What is Row-Based Multi-Threading?
In video encoding, processing speed is heavily dependent on how well
an encoder can distribute workloads across multiple CPU cores.
Traditionally, the libvpx encoder relied on “tile-based”
multi-threading. This method splits a video frame into vertical columns
(tiles) and encodes each tile on a separate thread. However, tile-based
threading has limits: it degrades compression efficiency because threads
cannot share data across tile boundaries, and the number of threads is
strictly limited by the number of tiles.
Row-based multi-threading (Row-MT) solves these limitations by allowing the encoder to process rows of coding blocks (macroblocks or superblock rows) within a frame or tile concurrently.

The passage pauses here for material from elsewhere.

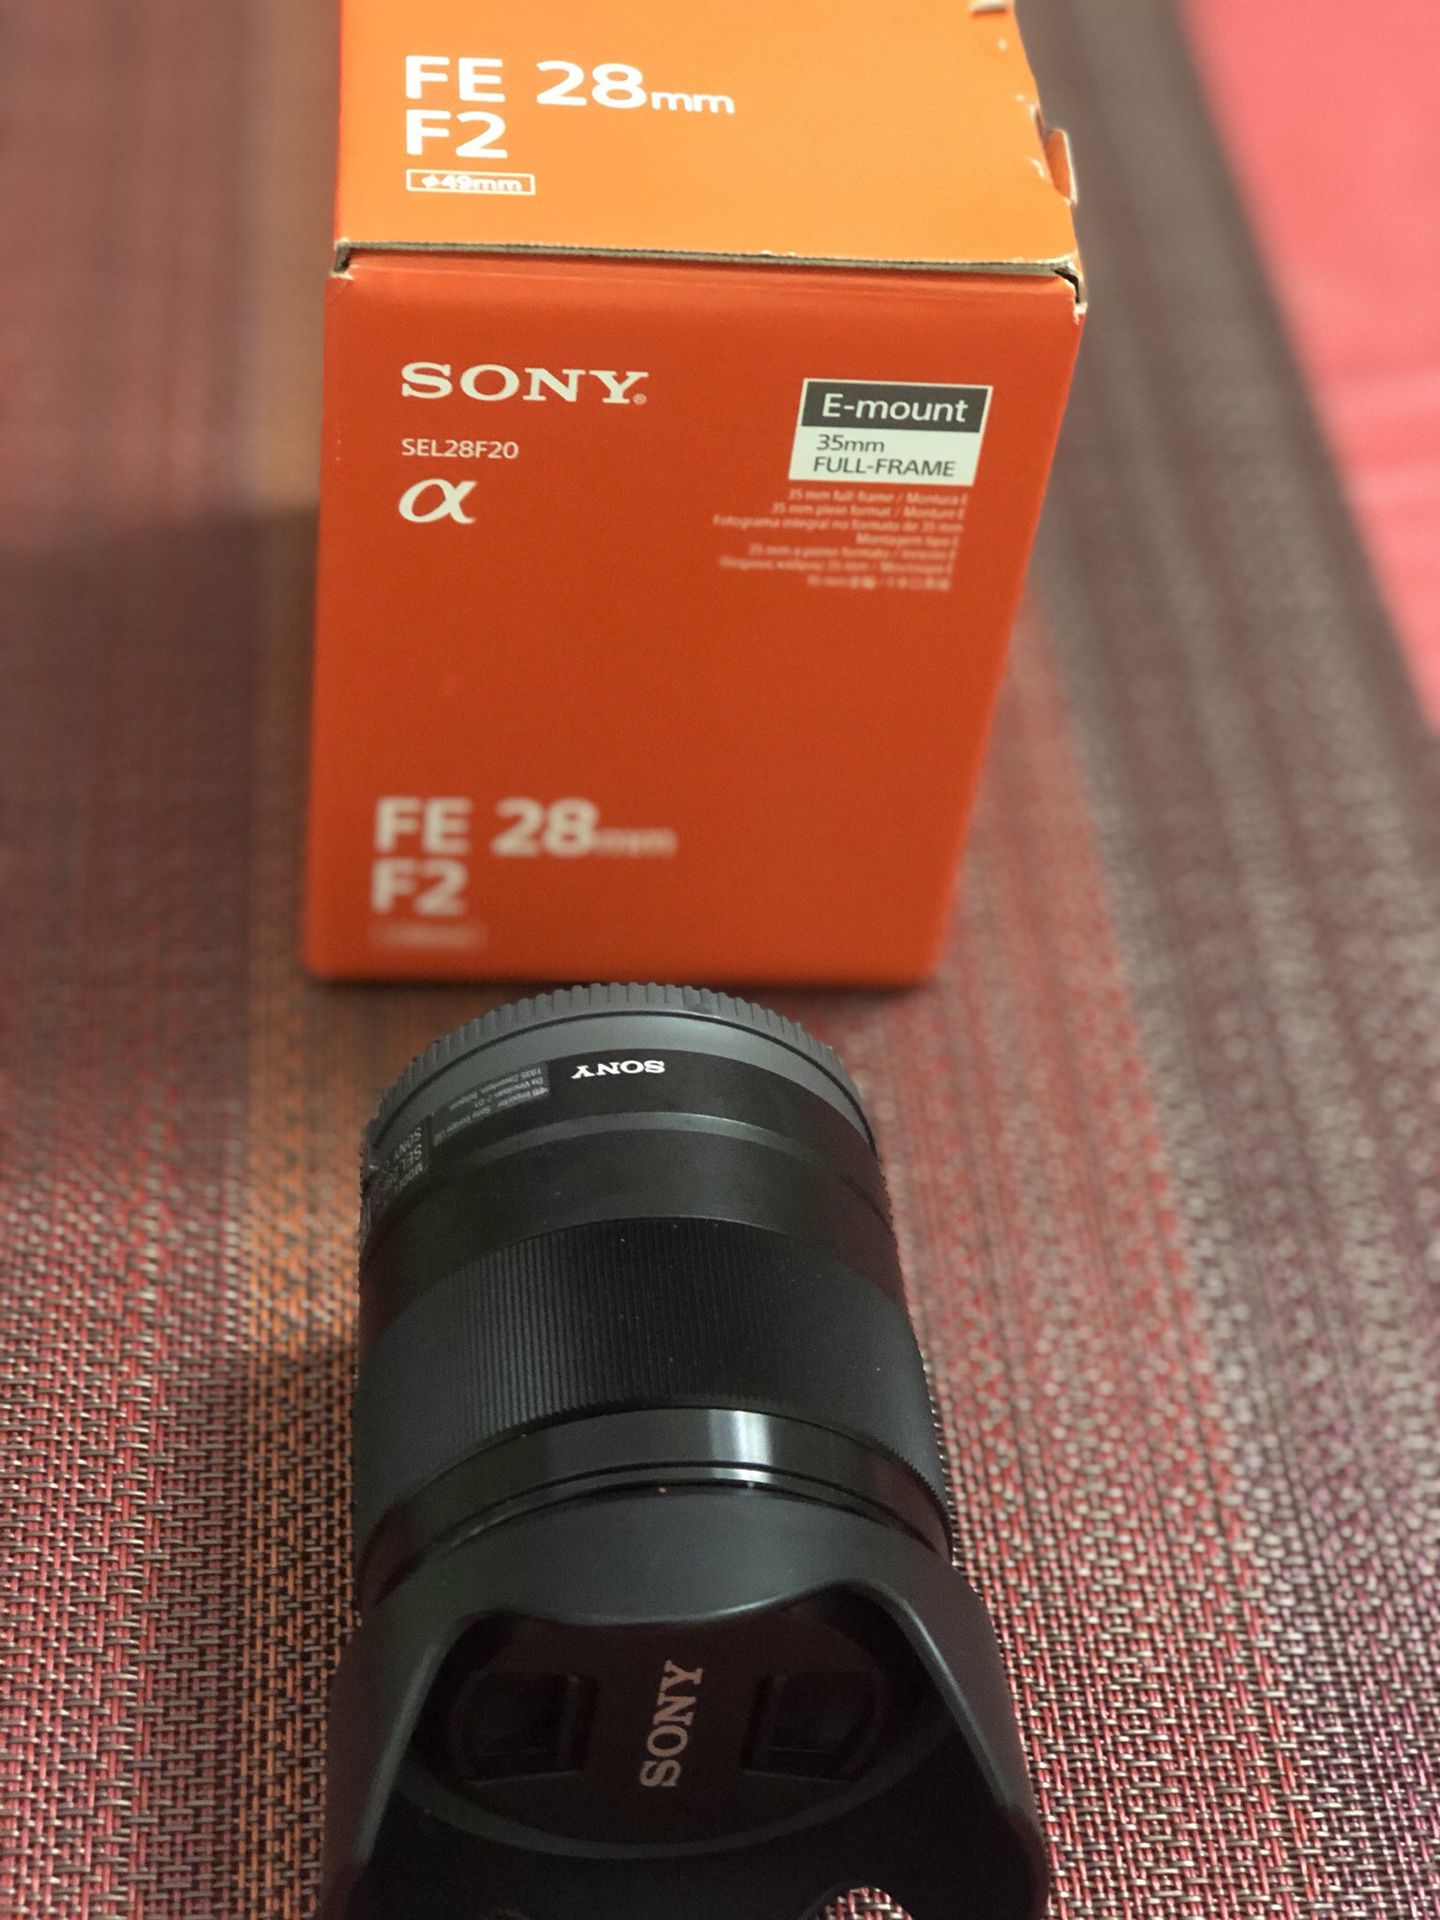 Sony 28mm f/2 camera lens

The Significance of Row-MT
The introduction of Row-MT in libvpx (particularly for
VP9) brought several critical advancements to video encoding:
1. Superior CPU Scaling and Speed
With Row-MT, the encoder is no longer constrained by the number of vertical tiles. Because a video frame contains many more rows than tiles, Row-MT allows the encoder to utilize significantly more CPU cores. For example, a 1080p video has many more horizontal block rows than reasonable tile columns. By distributing these rows across available threads, Row-MT dramatically reduces encoding times on modern multi-core processors.
2. Preservation of Visual Quality and Compression Efficiency
When using tile-based threading, the encoder cannot perform intra-frame prediction across tile boundaries, which harms compression efficiency and can cause visible boundaries between tiles. Row-MT processes the frame as a cohesive unit. While a thread processes a specific row, it waits for the dependency pixels in the row above and to the right to be processed before proceeding. This synchronization preserves the encoder’s ability to reference neighboring blocks, maintaining maximum compression efficiency and visual quality.
3. Lower Latency for Real-Time Streaming
For live streaming and video conferencing (such as WebRTC applications), low latency is critical. Frame-based multi-threading (encoding multiple frames at the same time) introduces input lag because the system must buffer several frames before processing them. Row-MT parallelizes the encoding of a single frame. This allows for high-speed, multi-threaded encoding with zero frame-delay, making it ideal for real-time communication.
4. Efficient Resource Utilization on Consumer Devices
Modern consumer hardware, from smartphones to laptops, relies on
multi-core architectures. Row-MT ensures that even on high-core-count
consumer CPUs, libvpx can fully utilize the hardware during
VP9 encoding. This results in faster software encoding times and
smoother performance when hardware-accelerated VP9 encoding is
unavailable.